Yahtzeni Gonzalez and her mother were told to quickly drive to Mount Sinai Hospital. They had no idea what had happened to her brother, or what his condition was. At the hospital they met with a team of doctors in a small waiting room.
“It seemed like in the movies when someone gives you the bad news,” she said.
Doctors told them a bullet had pierced her brother’s torso and damaged his lungs. They were unable to save him.
“At the moment I didn’t know what to do,” she said. “I didn’t know what that meant. I didn’t know what was going on.”
She was allowed to see her brother, but she couldn’t touch him. He was part of a police investigation at the time.

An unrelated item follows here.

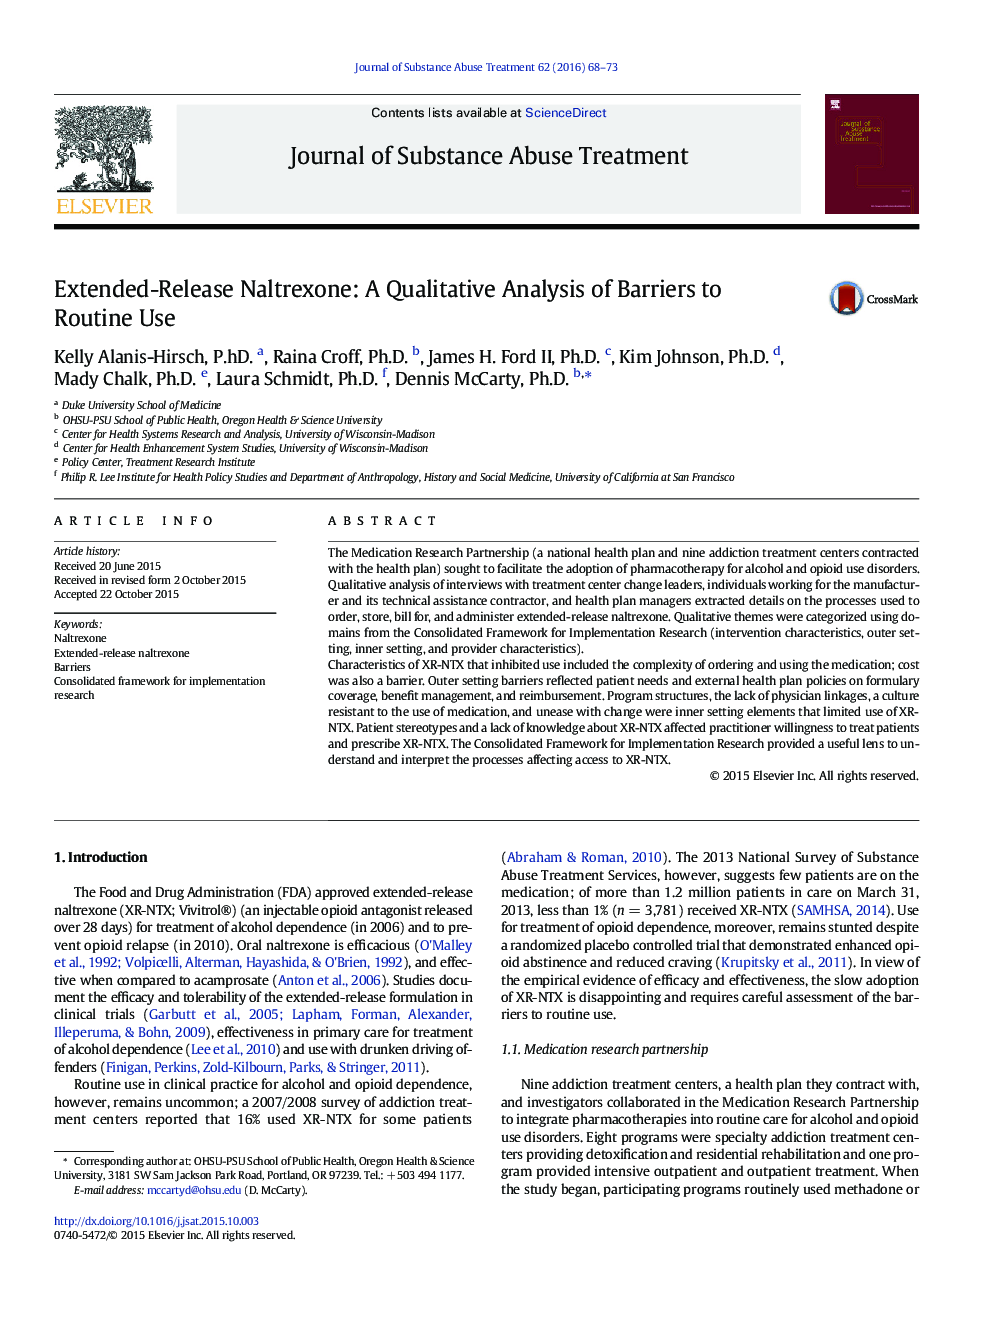 Extended-Release Naltrexone: A Qualitative Analysis of Barriers to Routine Use

“It was hard to look at my brother in the bed—knowing that he wasn’t there anymore,” she said. “What hurt the most was that nobody closed my brother’s eyes.”
Hours later, on Thanksgiving morning, Yahtzeni Gonzalez said it felt like “just another day.” Her mother and younger brother were still in shock as friends and relatives visited and gave their condolences.
“For me, there really was no way to say thanks,” Yahtzeni Gonzalez said. “There was no Thanksgiving. How do you give thanks when your brother was murdered and you don’t know anything? The only thing that I was able to give thanks for was that I did have a brother like him and he left a huge legacy behind.”
The family plans celebrate the holidays as best they can. She said her family wants closure, but little progress in the investigation of her brother’s killing has been made. She said they’ve reached out to detectives, but haven’t heard back.
The family is also struggling to pay for Moises’ tombstone, and the two vehicles he owned. They raised more than $7,000 through a GoFundMe page, but that only covered most of his funeral expenses.
“It doesn’t even feel like the holidays,” Yahtzeni Gonzalez said.
Still, she said her brother’s death has brought the family closer together this year—something he would have wanted.
“This Christmas all my aunts and uncles are coming together…we’re all going to be there,” Yahtzeni Gonzalez said. “That’s what he wanted to see.”